Task statement: From the material below, return exactly the lines starting at the one that holds "Barbie Club Chelsea" and ending at the one that holds "Russian President Vladimir". Pictures stay out of the answer.

Recorded data:
*-*-*
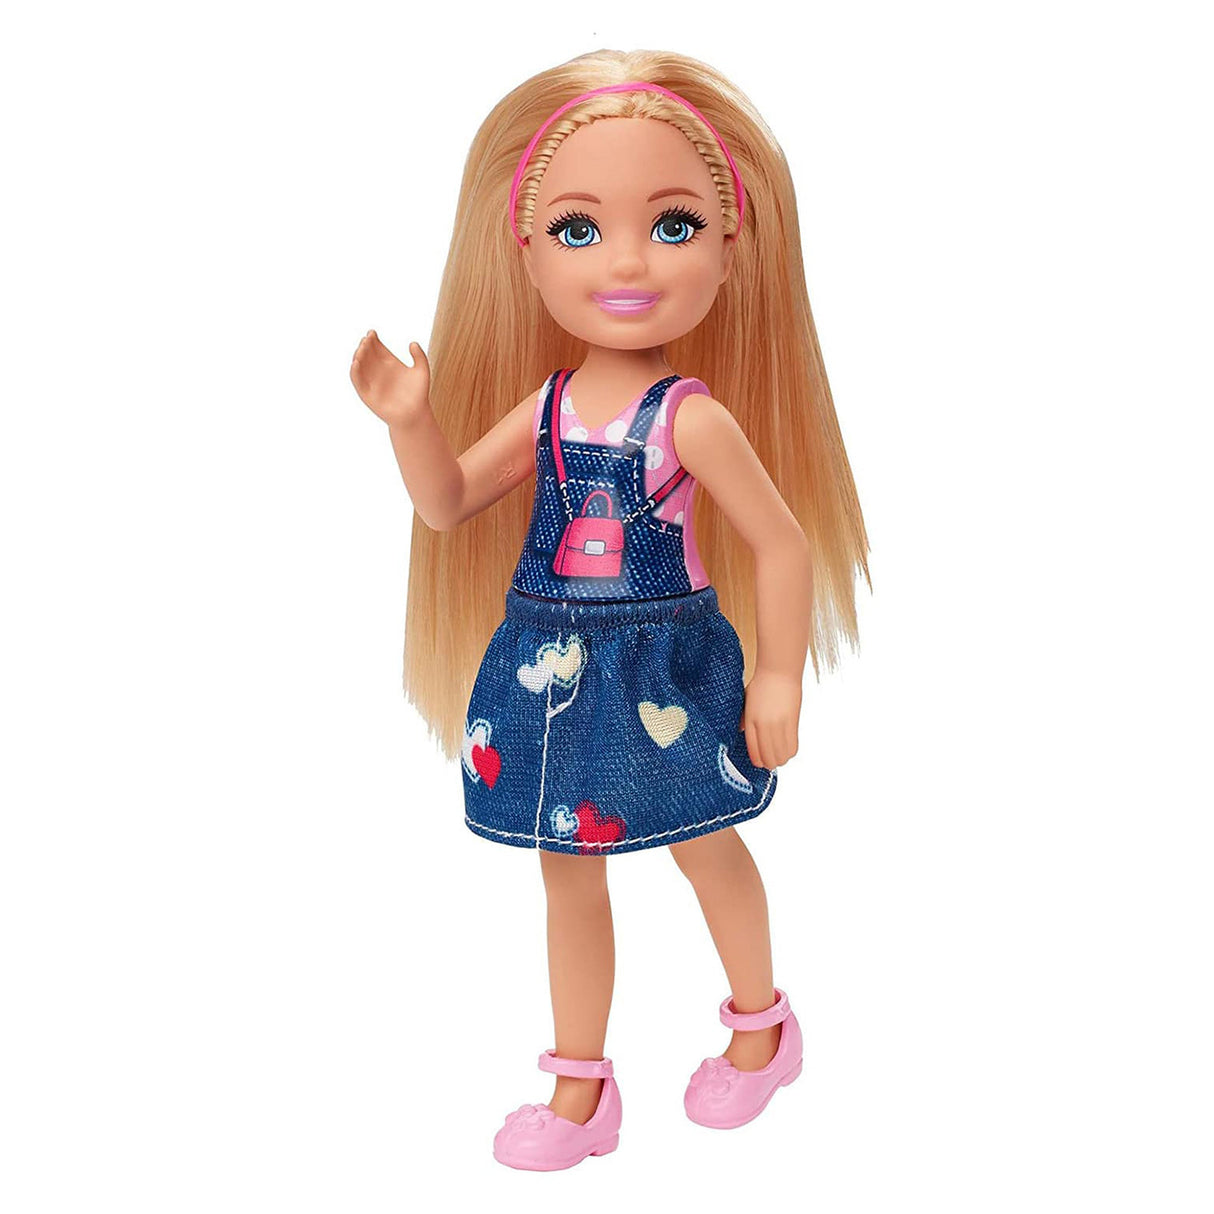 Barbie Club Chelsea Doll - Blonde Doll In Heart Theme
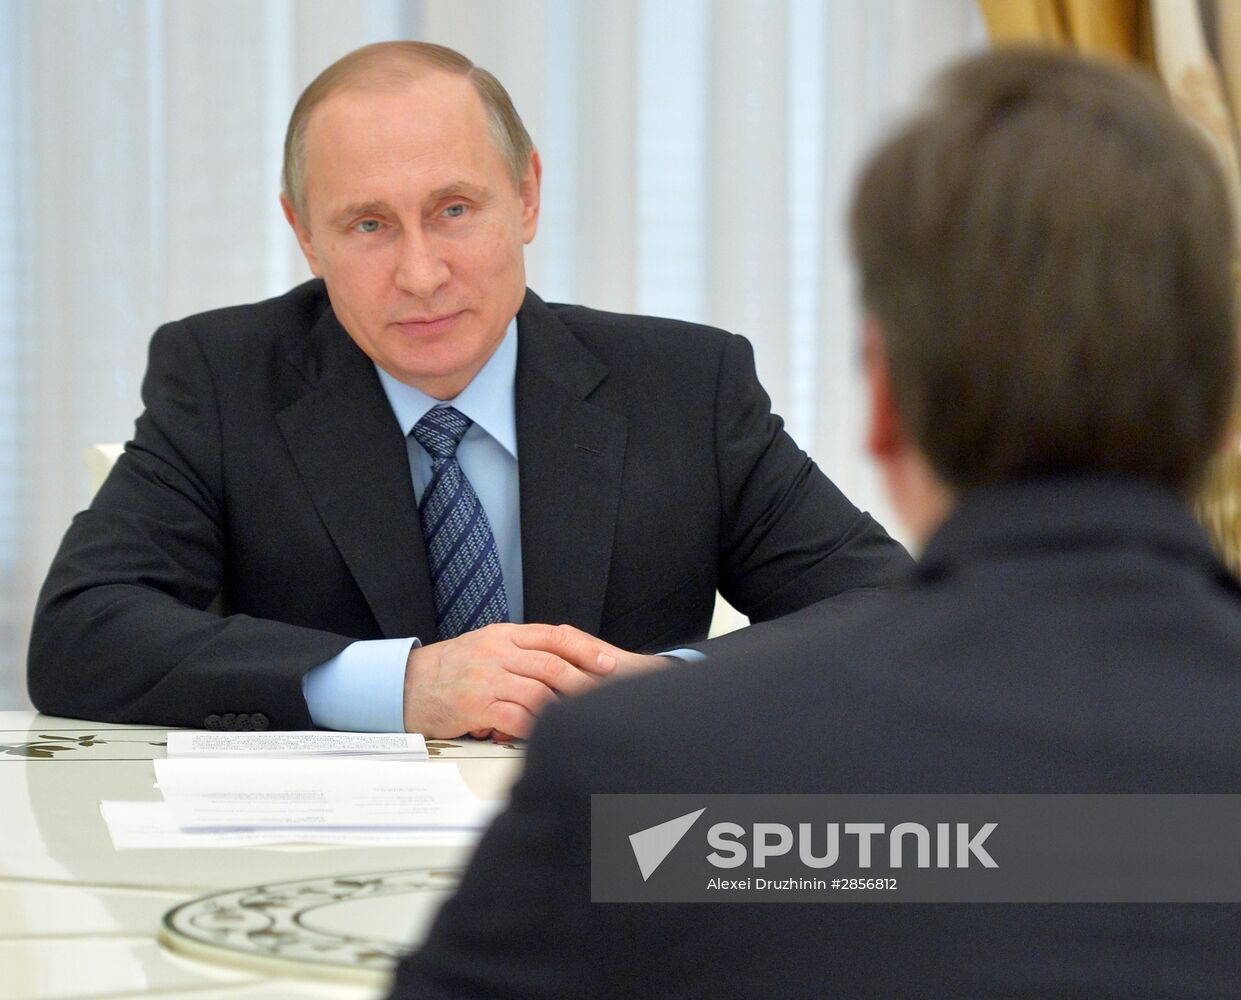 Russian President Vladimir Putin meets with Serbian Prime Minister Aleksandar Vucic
*-*-*
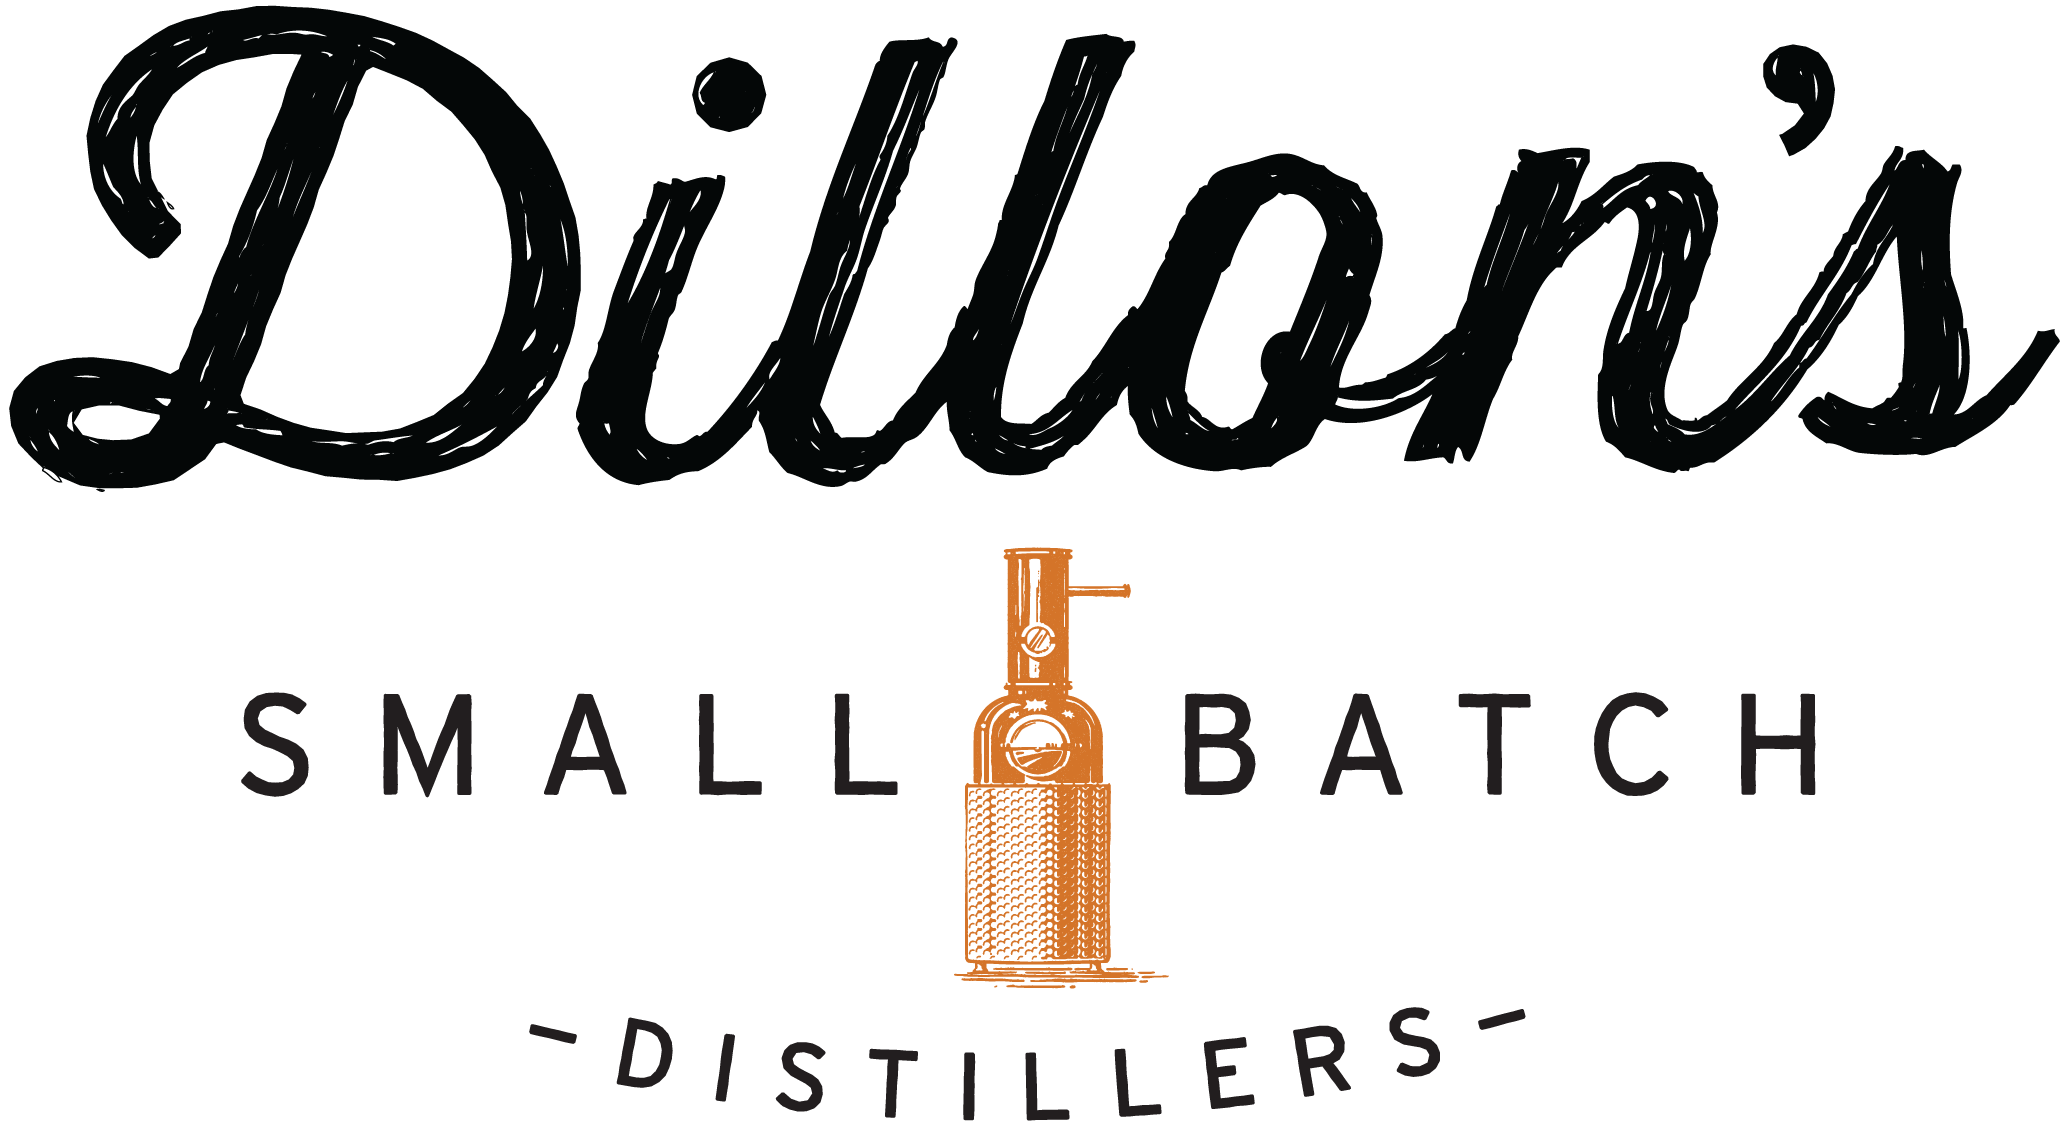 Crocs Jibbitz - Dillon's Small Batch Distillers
*-*-*
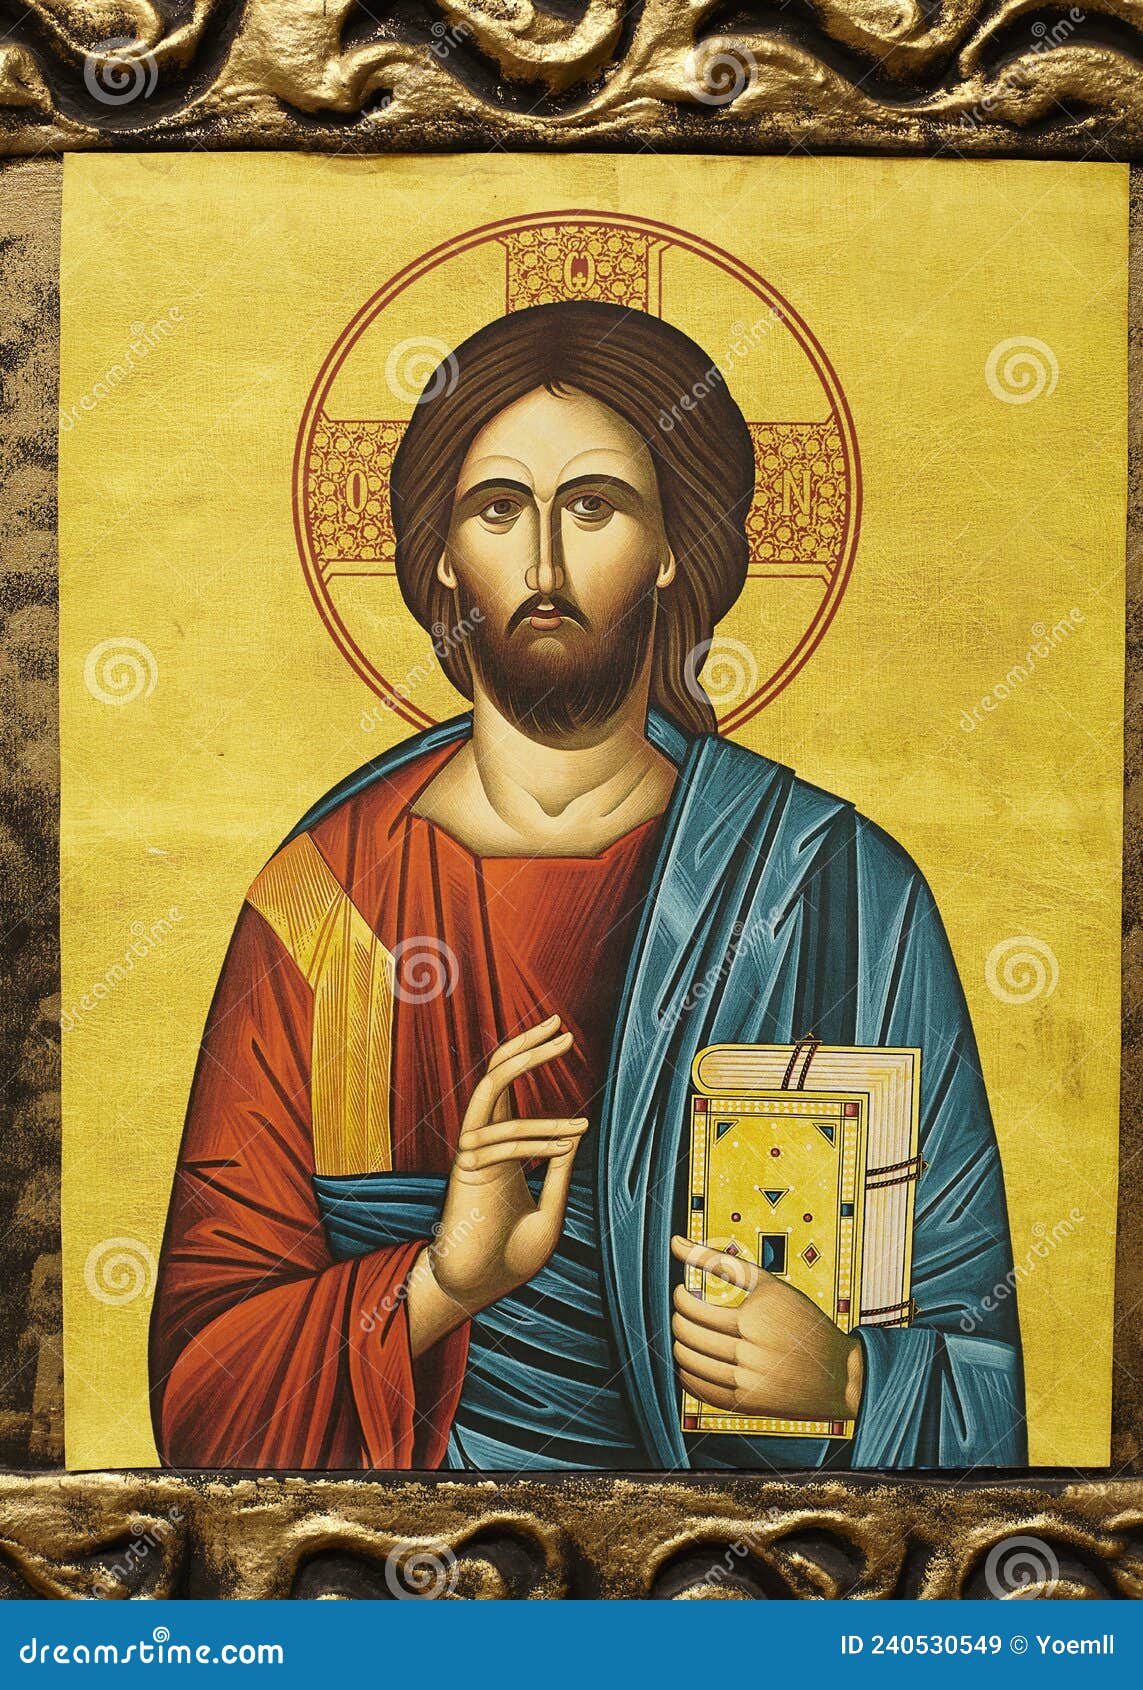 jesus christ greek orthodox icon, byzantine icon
*-*-*
Output of the task:
 Barbie Club Chelsea Doll - Blonde Doll In Heart Theme
 Russian President Vladimir Putin meets with Serbian Prime Minister Aleksandar Vucic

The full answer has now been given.